Depois da conversa com a Diretora da empresa Margarida tinha envelhecido alguns anos, e embora fosse livre para não colaborar naquele plano que lhe parecia imbecil, a sua curiosidade macabra iria vencer, e sabia que a aguardavam noites angustiantes de insónias assim que aceitasse trabalhar com o "Tó Nuno"! Apelidara assim secretamente o polícia, depois de ter sido comparada por este com uma miúda de 15 anos. Era o seu lado vingativo a deitar as unhas de fora.

Decidiu que iria tirar o resto do dia para deprimir longe do local do crime, e pela primeira vez em muitos anos, não ficou com remorsos por deixar toneladas de trabalho em cima da secretária. Mas antes de sair, precisava de fazer algo muito importante que não poderia esperar pelo dia seguinte, agarrou no manuscrito perfumado e lançou-o violentamente para o caixote do lixo, materializando a sua frustração.

Conduziu vagarosamente até ao único local onde lhe apetecia estar naquele momento, a casa da mãe. Desejou que esta adivinhasse a sua iminente chegada e tivesse cozinhado um dos seus pratos favoritos, necessitava de comer urgentemente e não seria uma sandes que a iria consolar.
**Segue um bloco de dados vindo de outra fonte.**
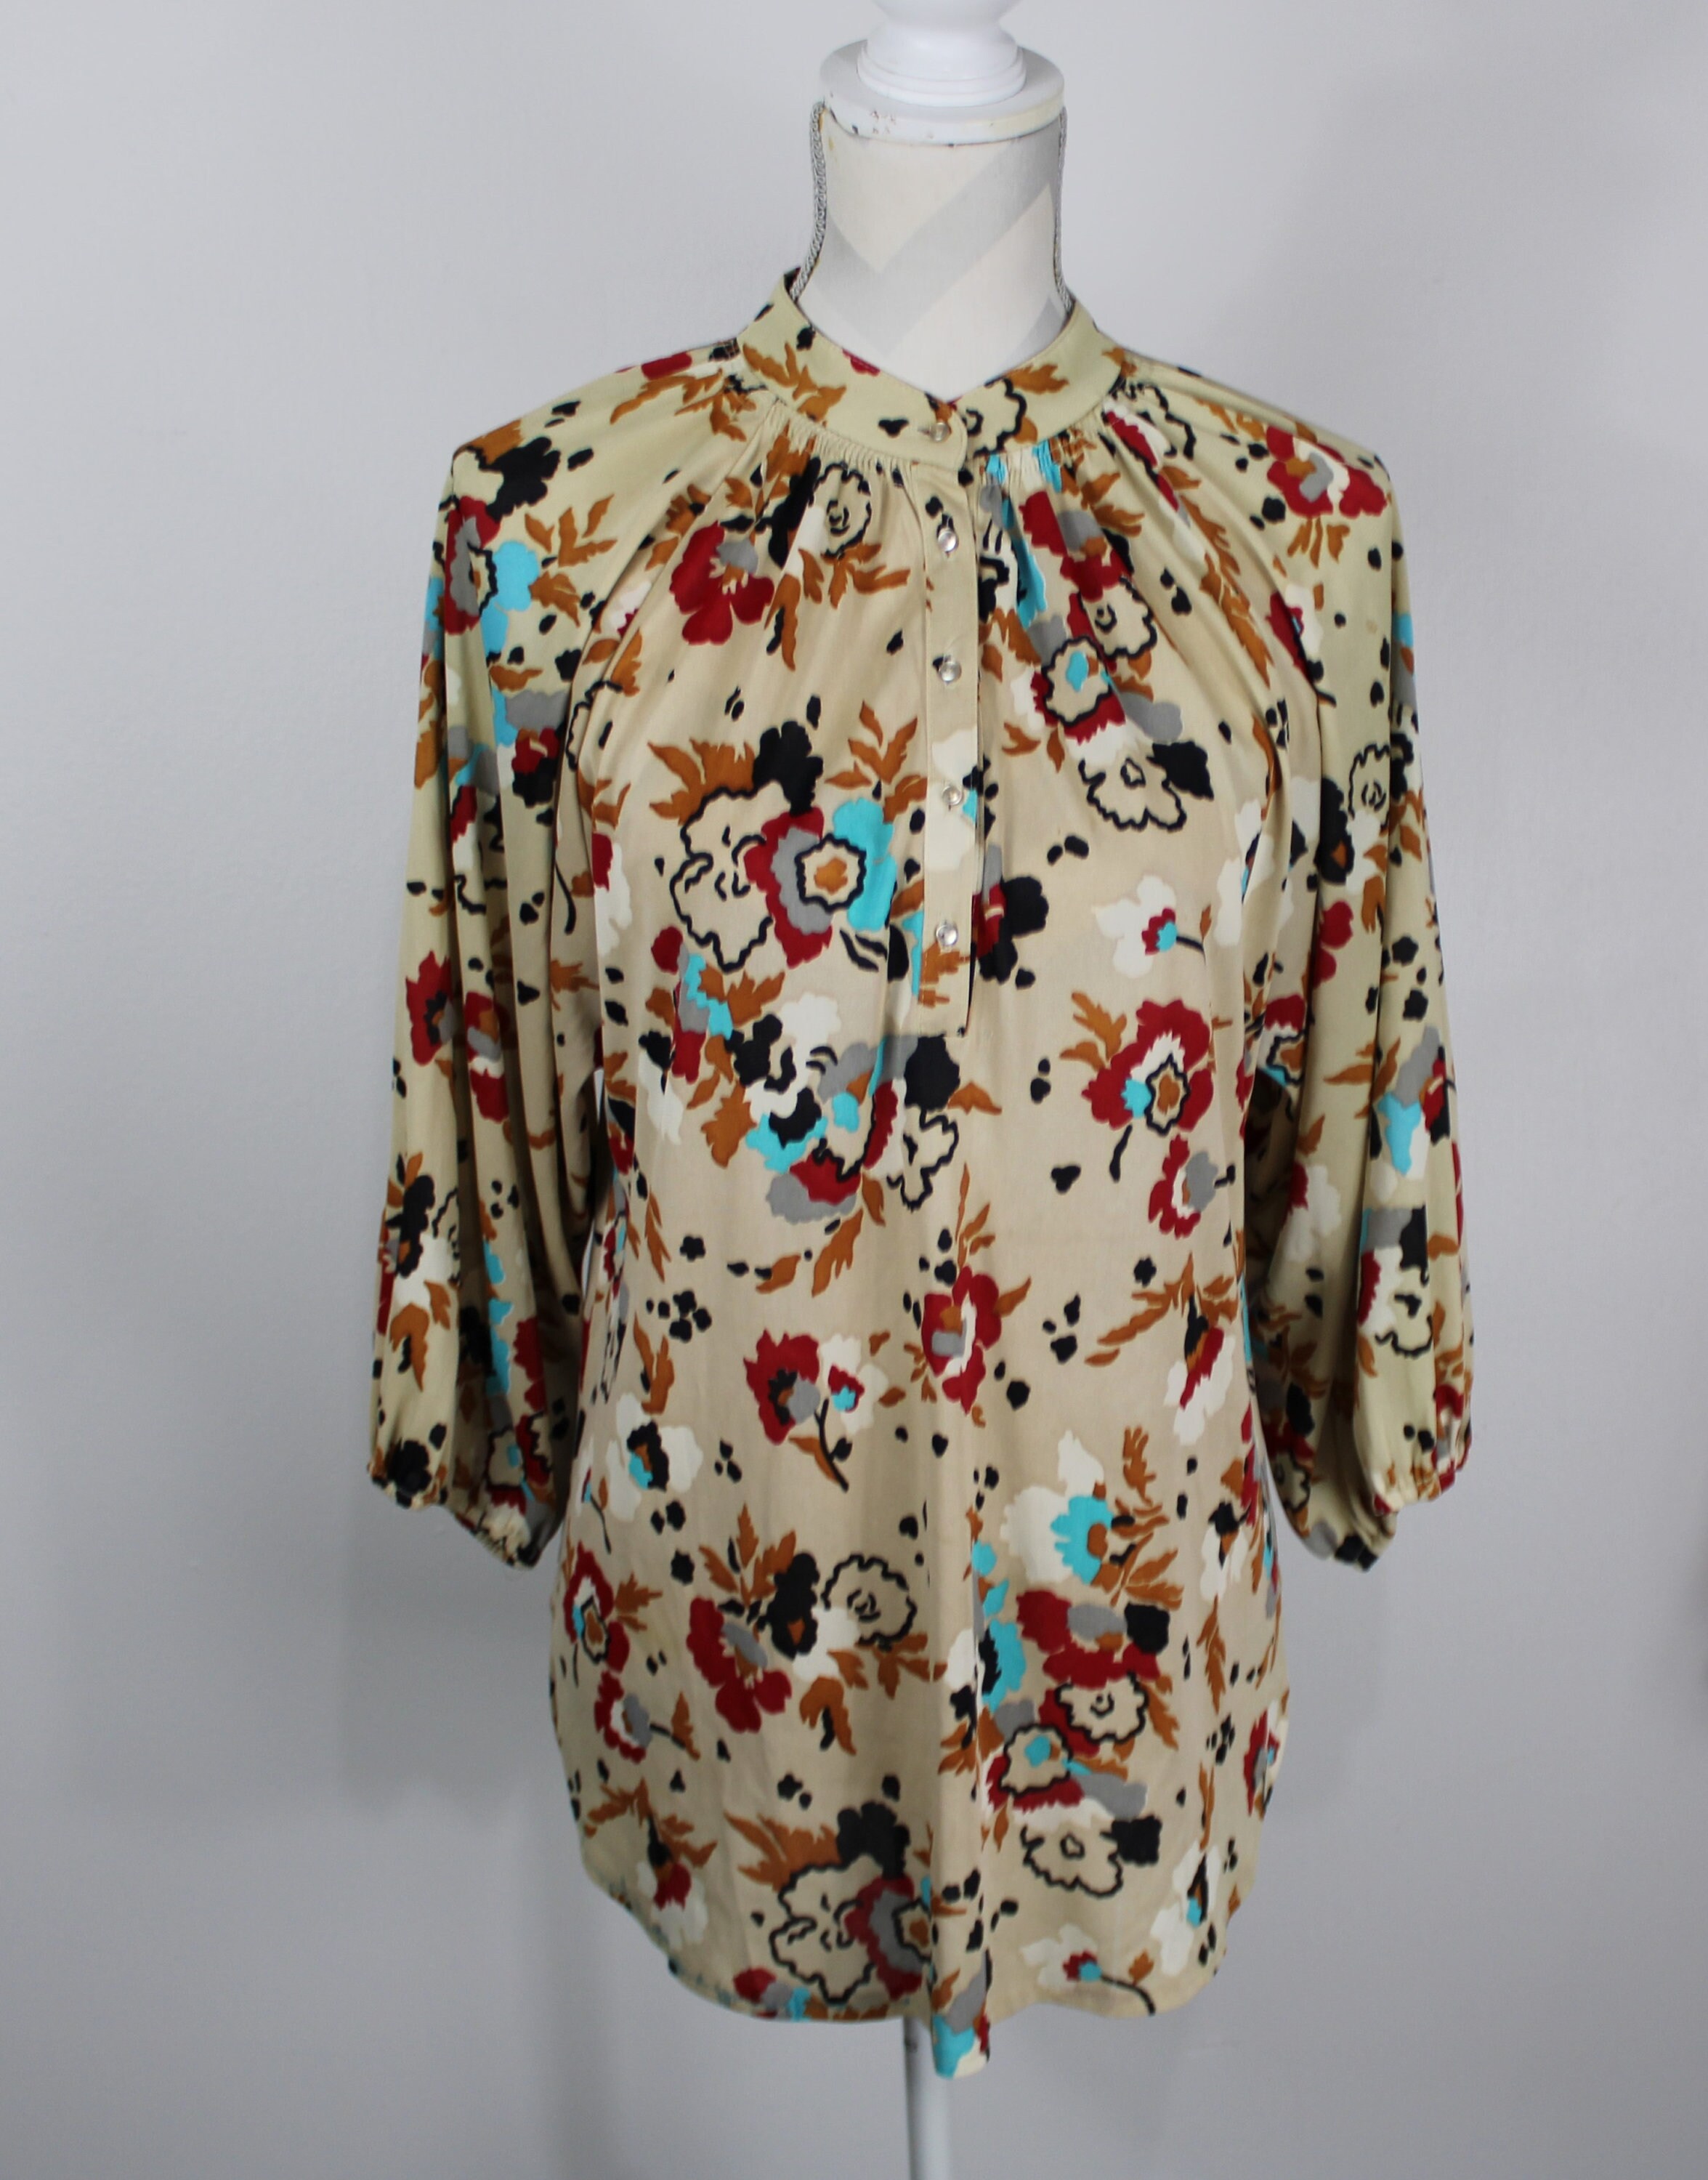 Vintage 1960's/70's Top by Sears - Etsy

Isabel ficou espantada com aquela visita surpresa a meio de um dia de trabalho e a estranha aparência da filha deixou-a um pouco chocada, fazendo-a reviver momentos de ansiedade e impotência perante uma adolescente inconformada e solitária, mas como qualquer mãe galinha, ficou feliz por poder enfardá-la com comida caseira.

Margarida era filha única, e a mãe o seu único familiar vivo. Durante toda a infância tinha suplicado para os pais lhe darem irmãos, mas só na juventude lhe fora explicado que a mãe não poderia ter mais filhos, e ela era um milagre, pois contrariara todas as certezas dos médicos ao nascer. Esta inevitabilidade do destino fez dela uma criança solitária, obrigada a adaptar-se ao comportamento adulto, passando eternidades sentada em frente ao pai, cada um com o seu livro, perdidos nos seus pensamentos. Quando Dinis inesperadamente morreu, Margarida tinha dezasseis anos, ficando apenas com a mãe e os grandes clássicos espalhados na mesa de centro da sala de estar, que seriam o seu refúgio nos anos seguintes, e um consolo emocional que a manteria ligada à memória do pai.
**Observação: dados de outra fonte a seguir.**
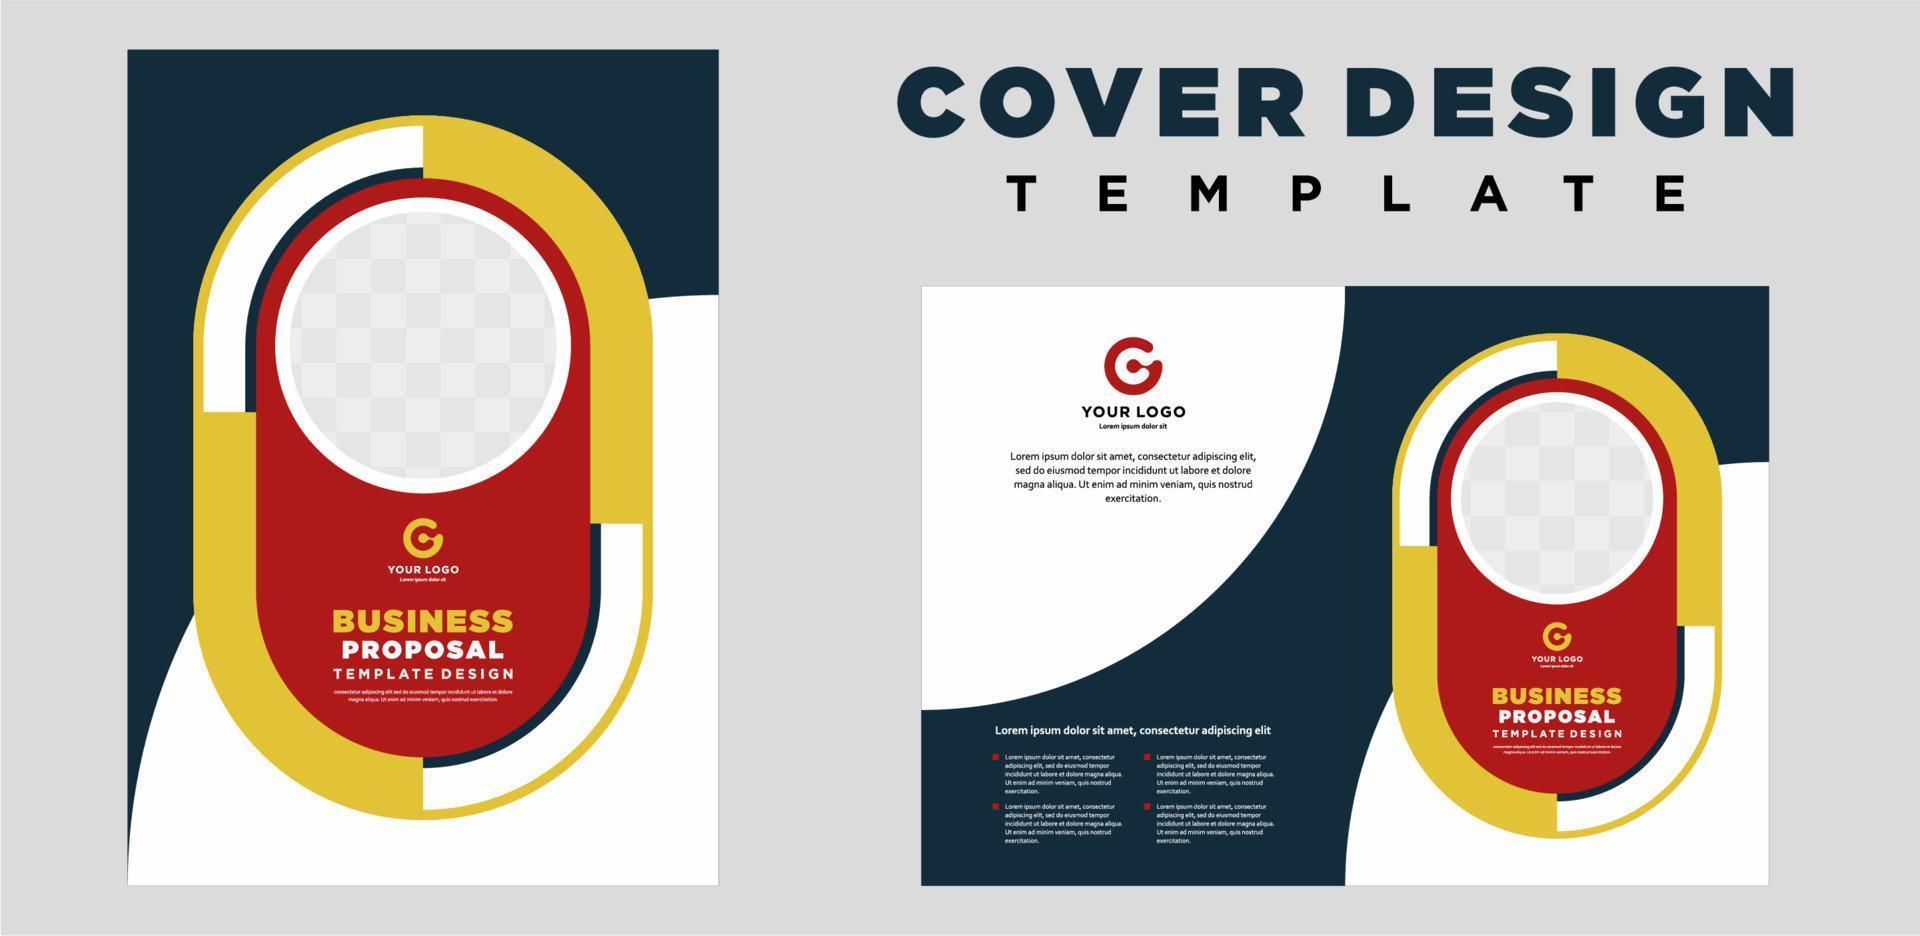 company profile cover template layout design or brochure cover template design vector

De todos os autores, Eça de Queirós era o seu preferido, talvez por se recordar das gargalhadas de barítono que Dinis soltava ao ler a "Relíquia", uma sátira mordaz aos falsos beatos da sociedade portuguesa do século XIX. Margarida poderia ficar horas no pequeno sofá de pele puída a admirar aquele homem grande e alegre, inspirando o cheiro da sua cigarrilha aromática, que aos catorze anos experimentou fumar às escondidas. Estava sozinha em casa naquela tarde e decidira ganhar coragem para tentar perceber qual seria o prazer daquele vício. Deu duas passas exageradamente longas e só se recordava de acordar esticada no sofá com os lamentos histéricos da mãe, que lhe colocava água fresca na cara pálida, e um riso abafado do pai que gozava aquela cena queirosiana afastado da mulher, que repreendia ferozmente o seu sentido de humor macabro.

Eram uma família feliz, e Margarida e Isabel tinham ficado sozinhas cedo demais.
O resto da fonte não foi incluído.